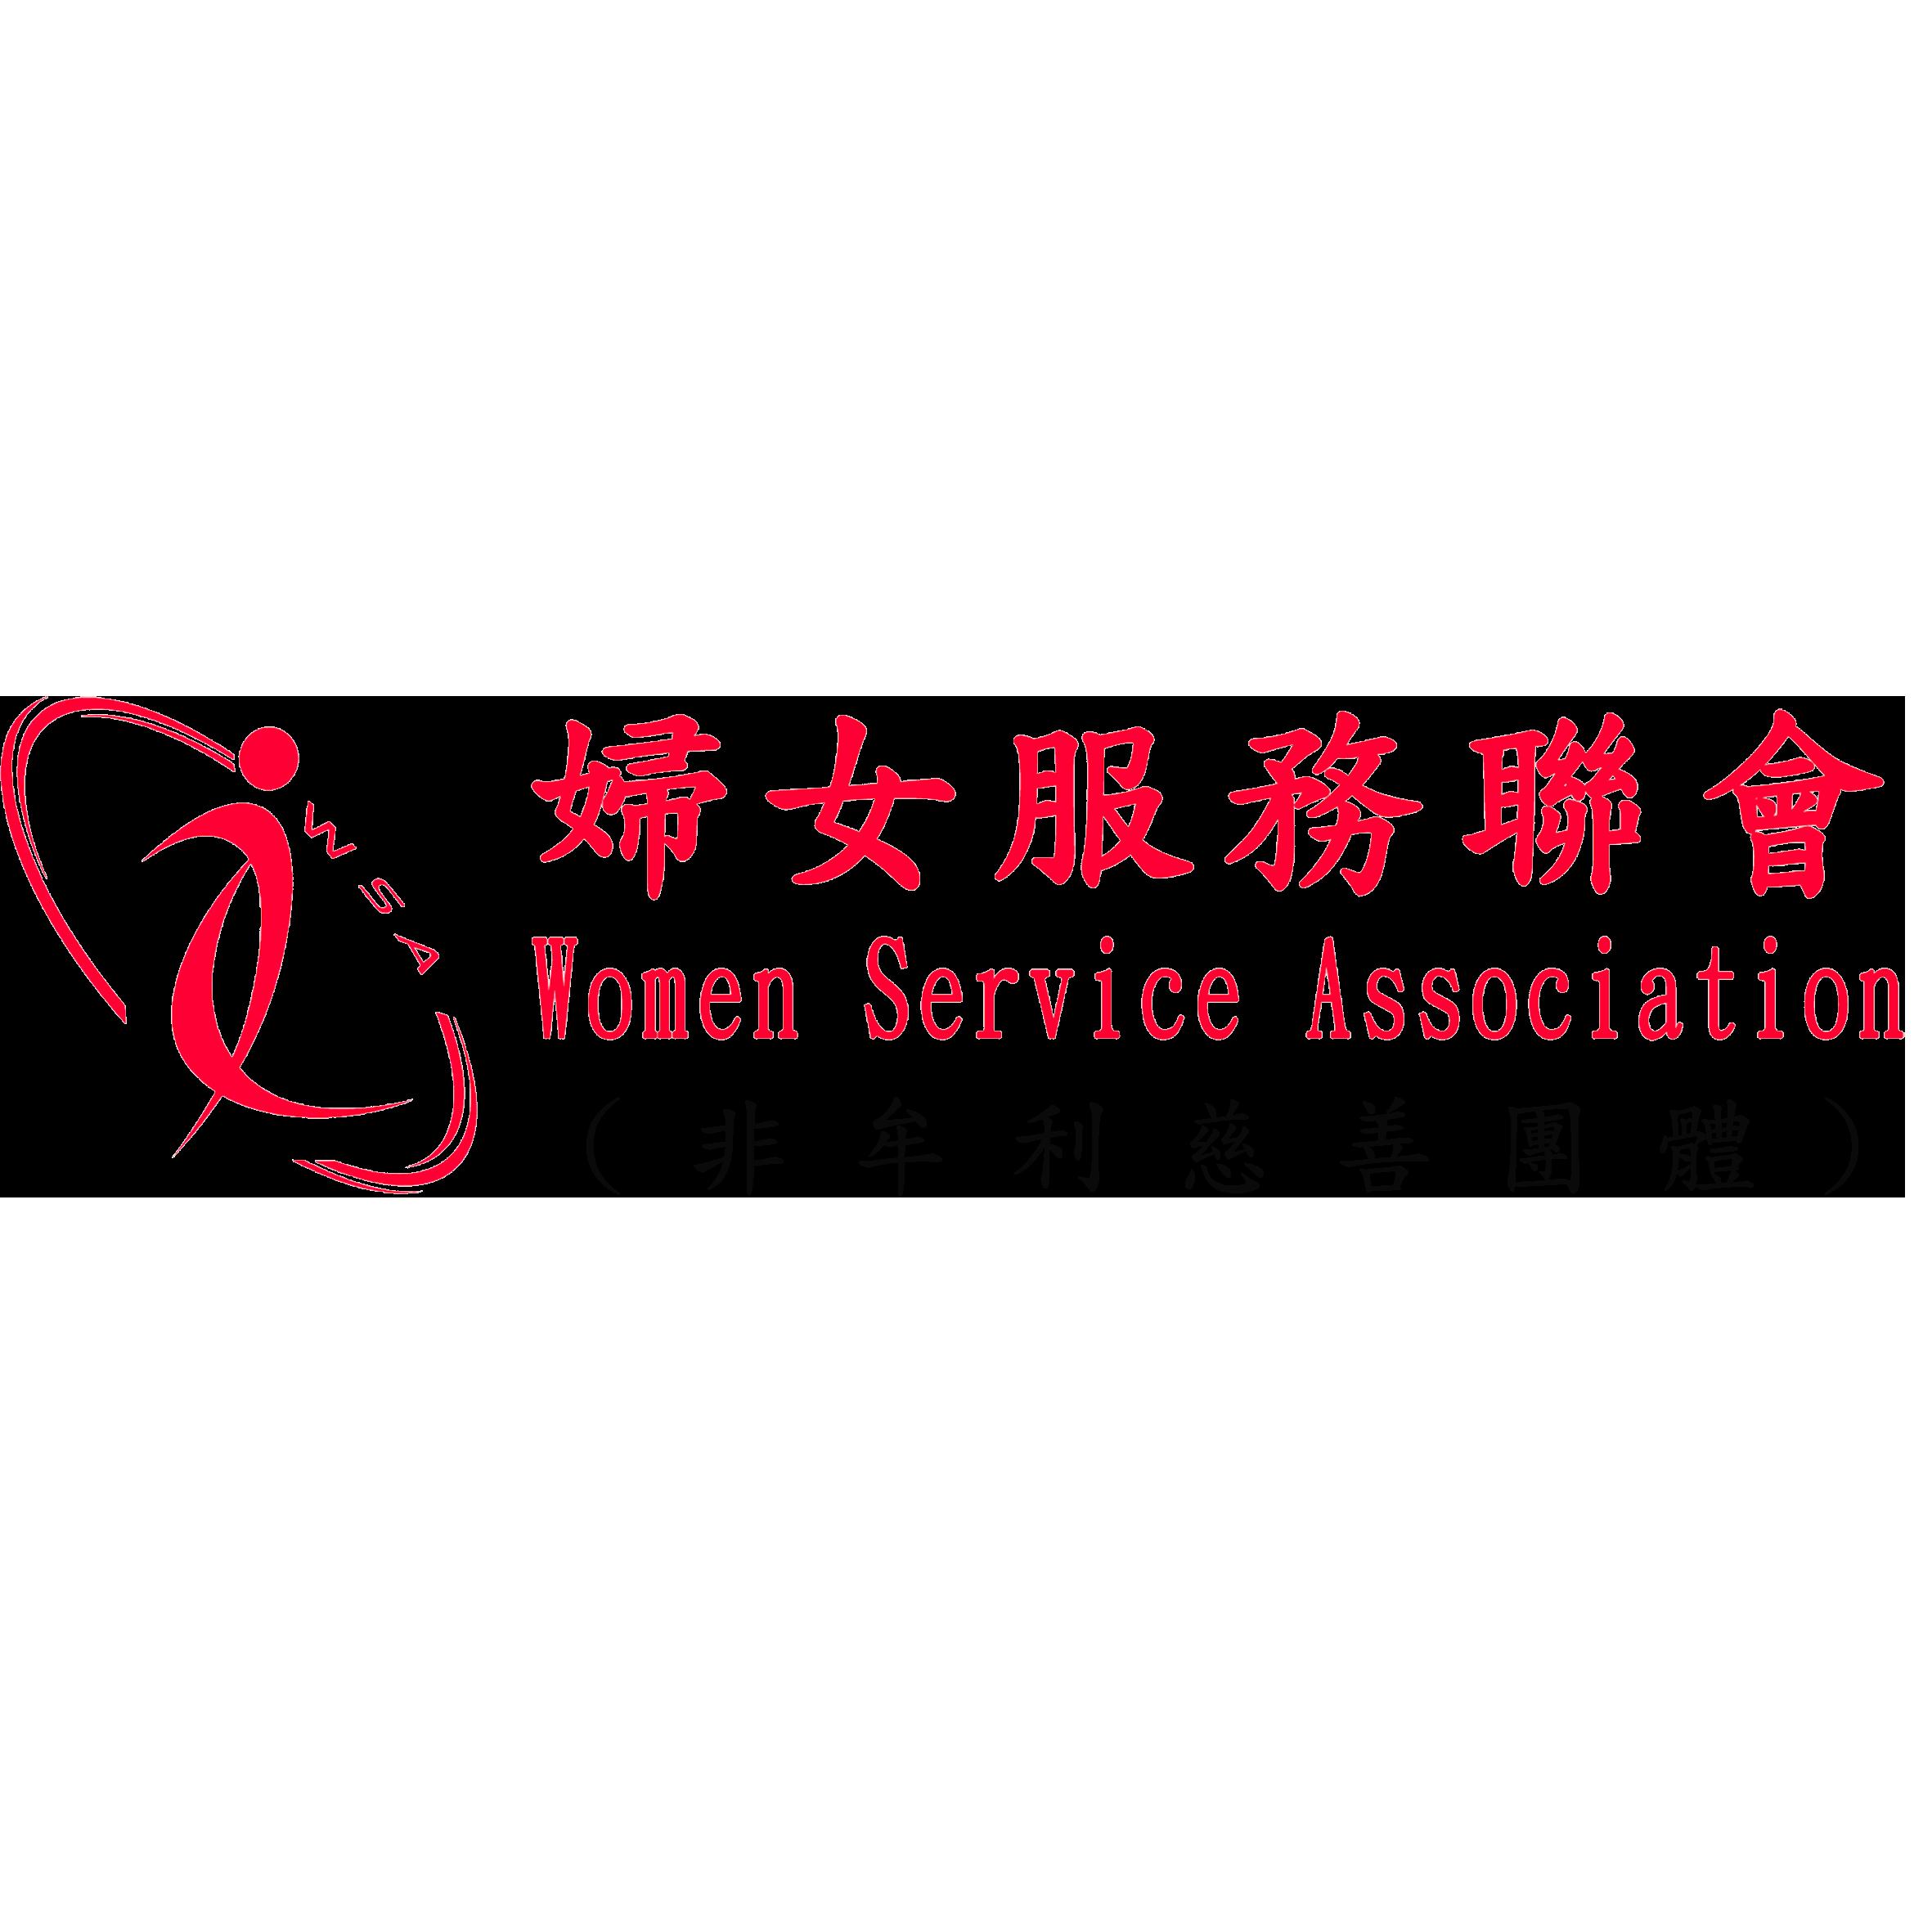 Women Service Association
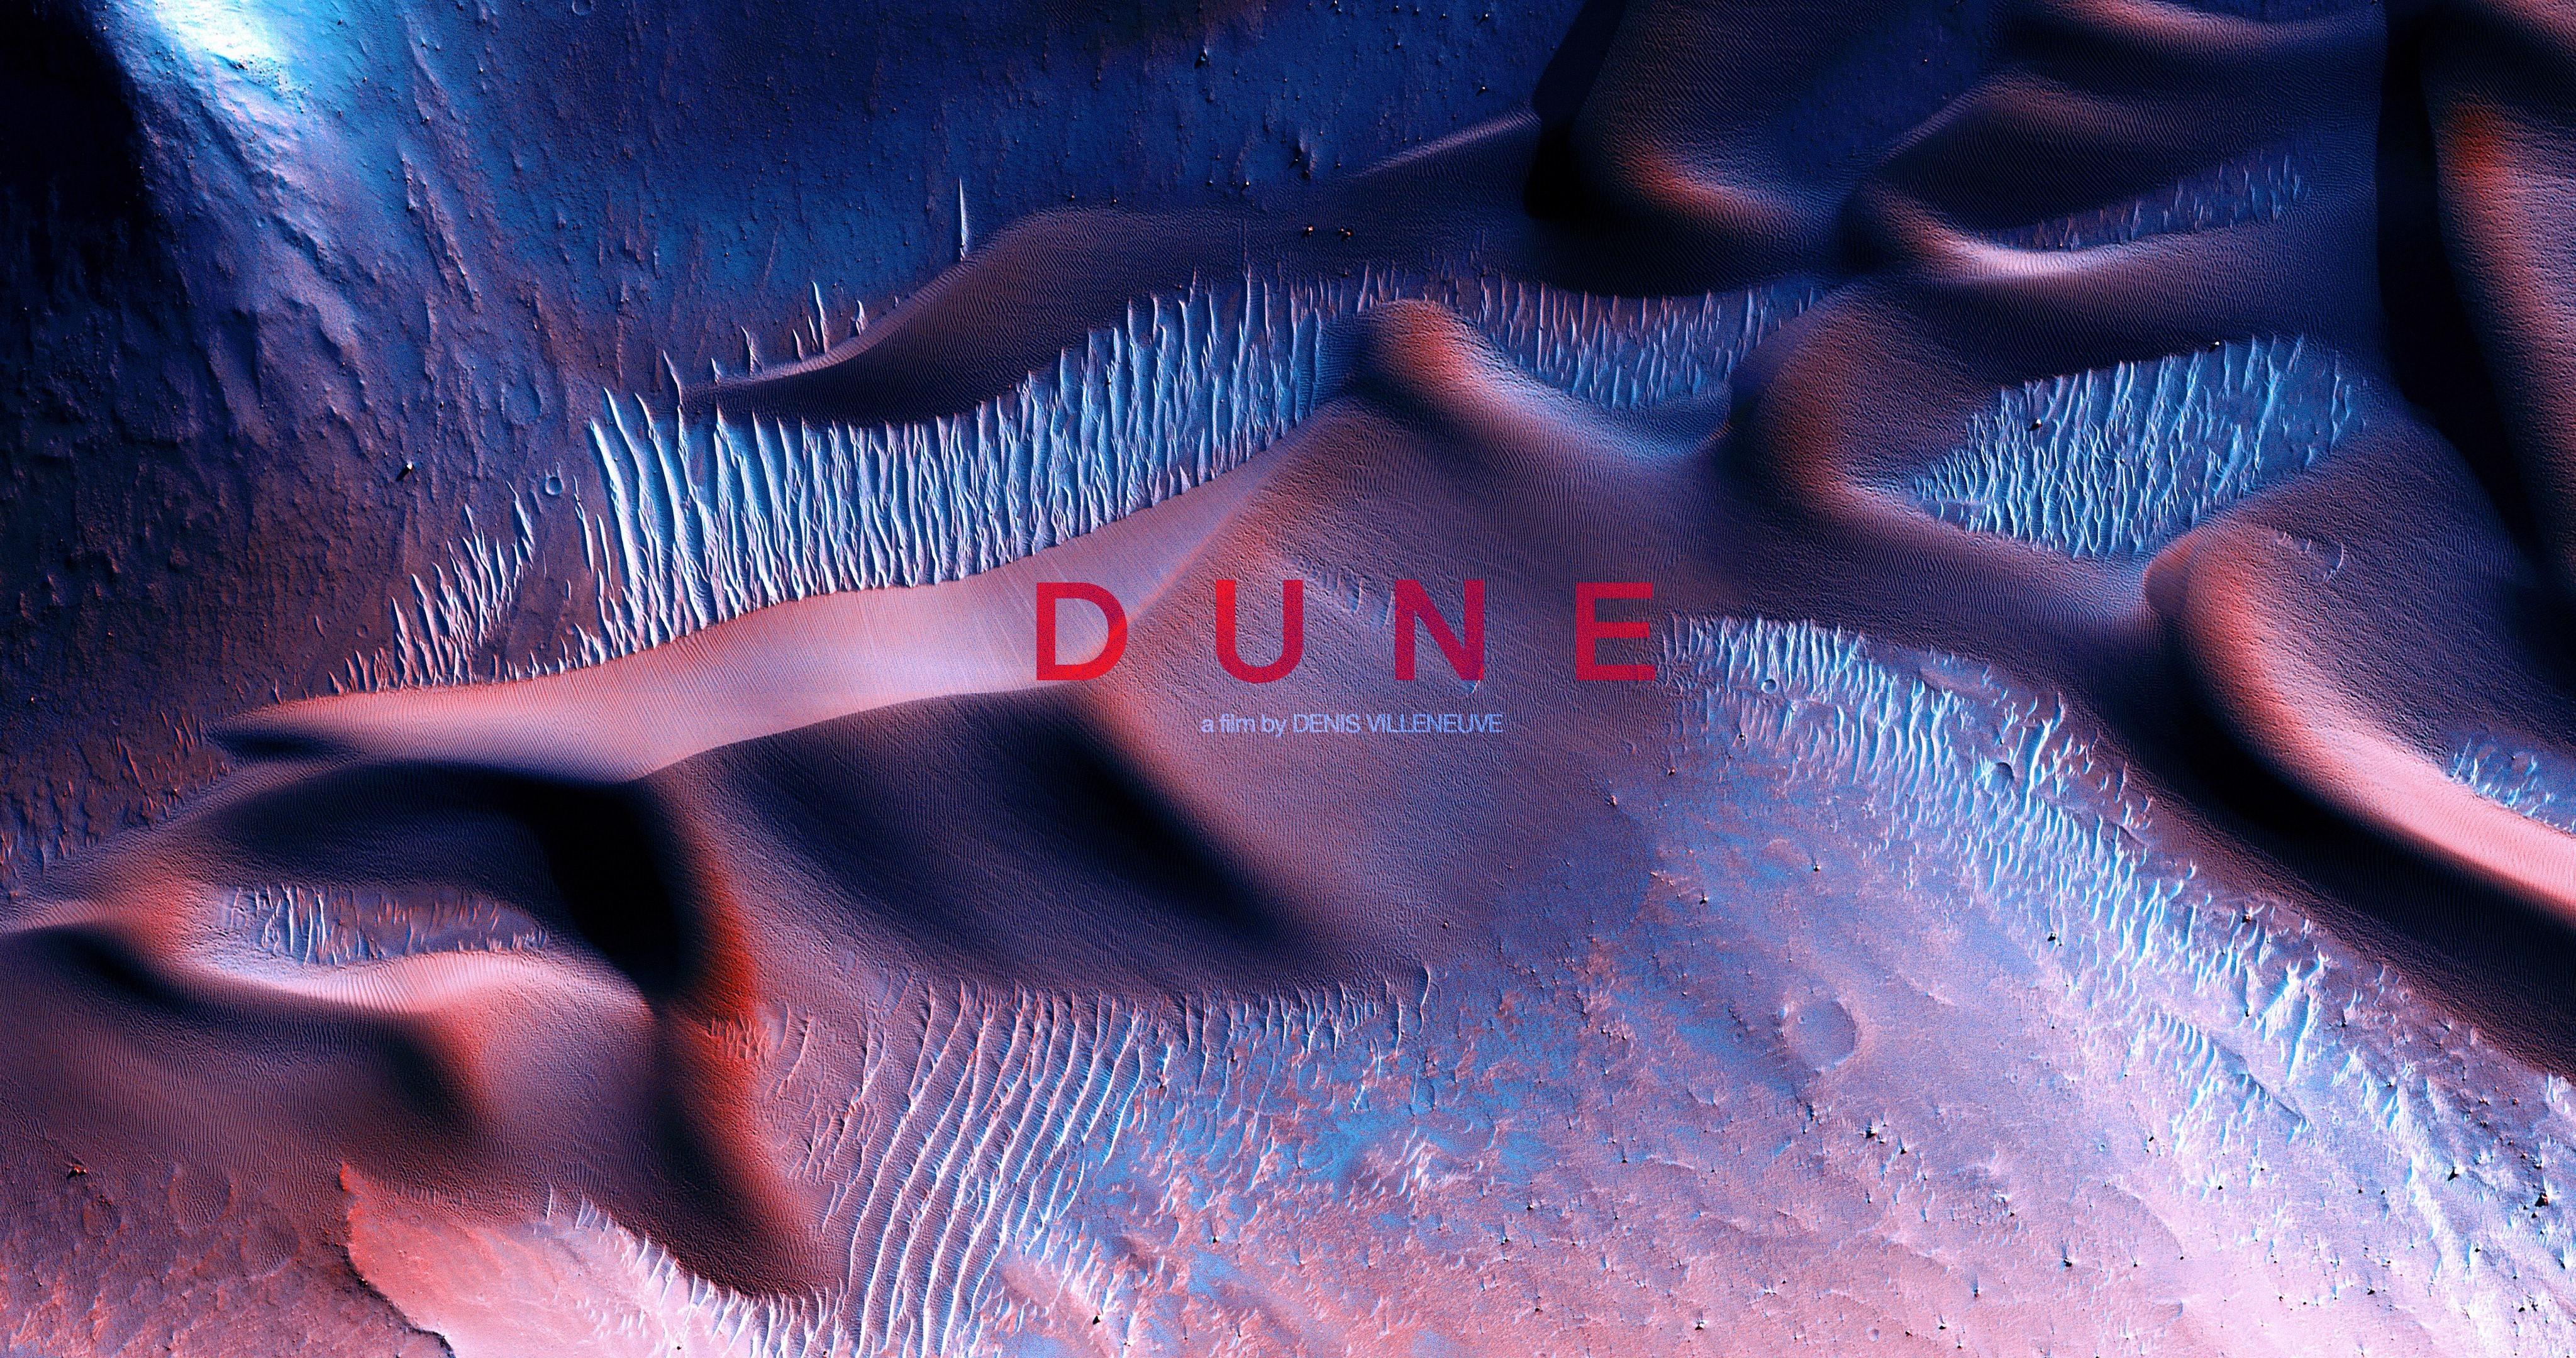 Dune 2020 Film 4K Wallpaper   WallpaperArc 4096x2160
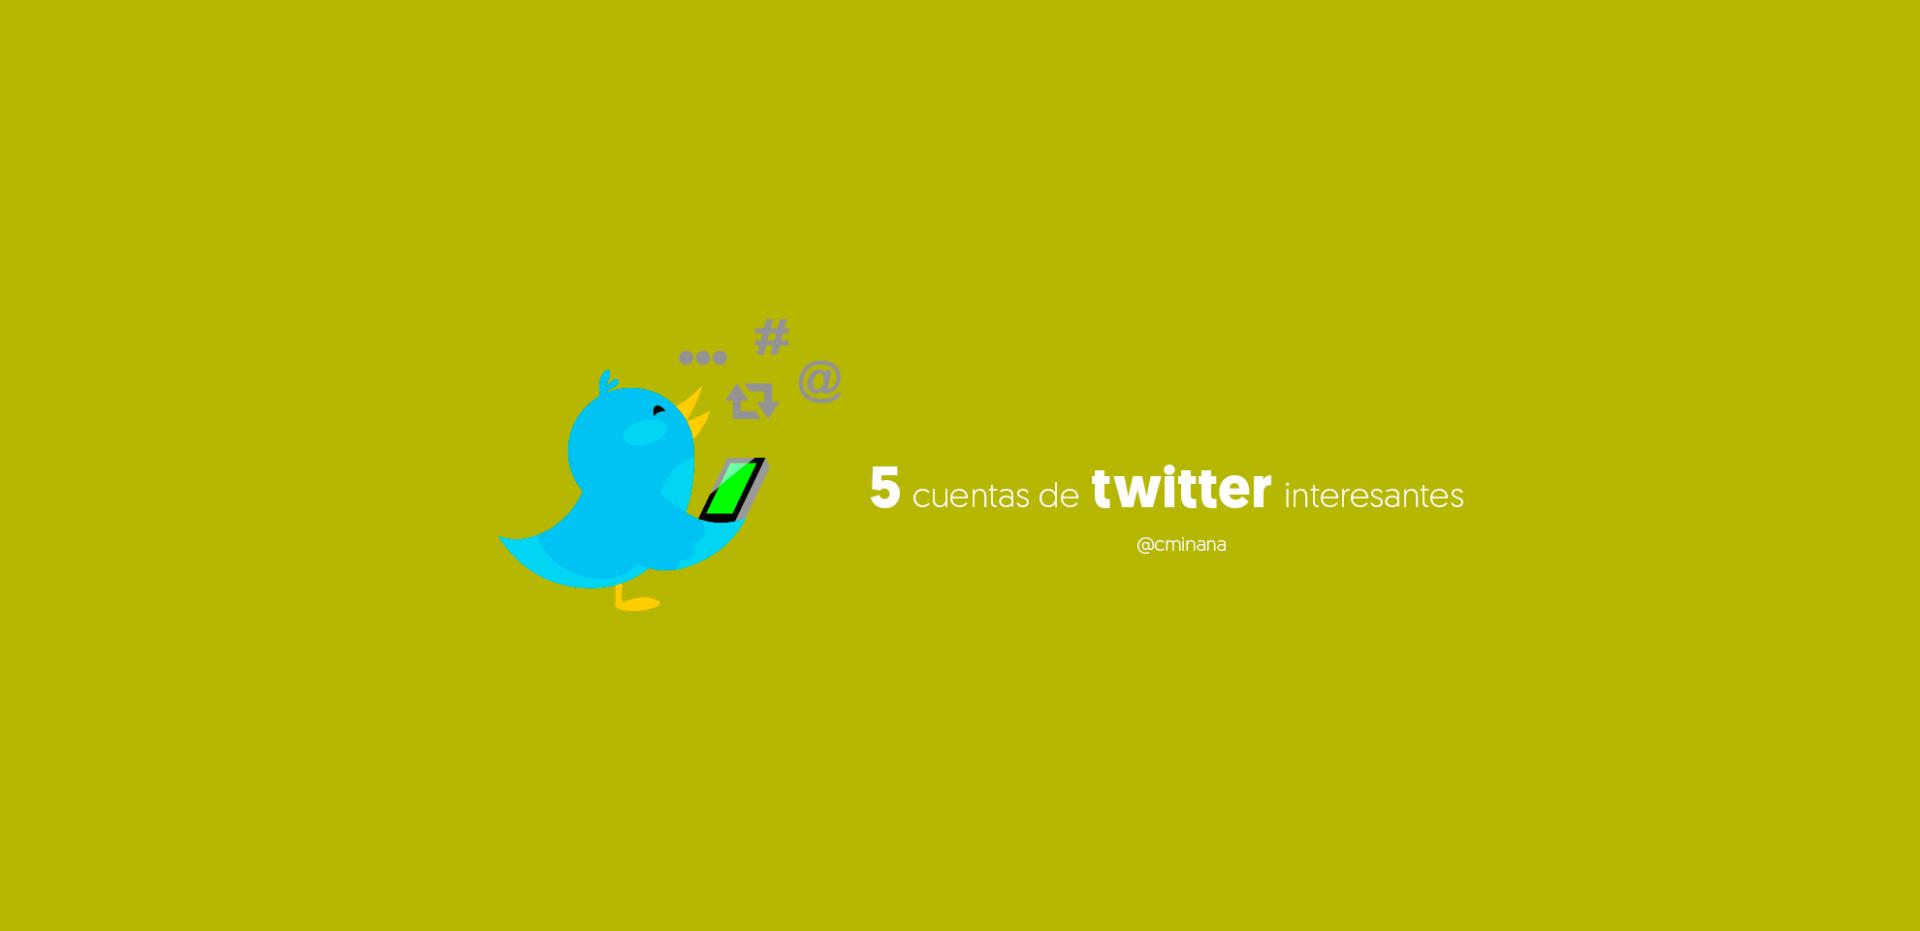 cuentas twitter

::::::::::

DIRECTIONS: From the first line to the last, return the material above exactly, apart from the pictures.

ANSWER SECTION:
 Women Service Association
 Dune 2020 Film 4K Wallpaper   WallpaperArc 4096x2160
 cuentas twitter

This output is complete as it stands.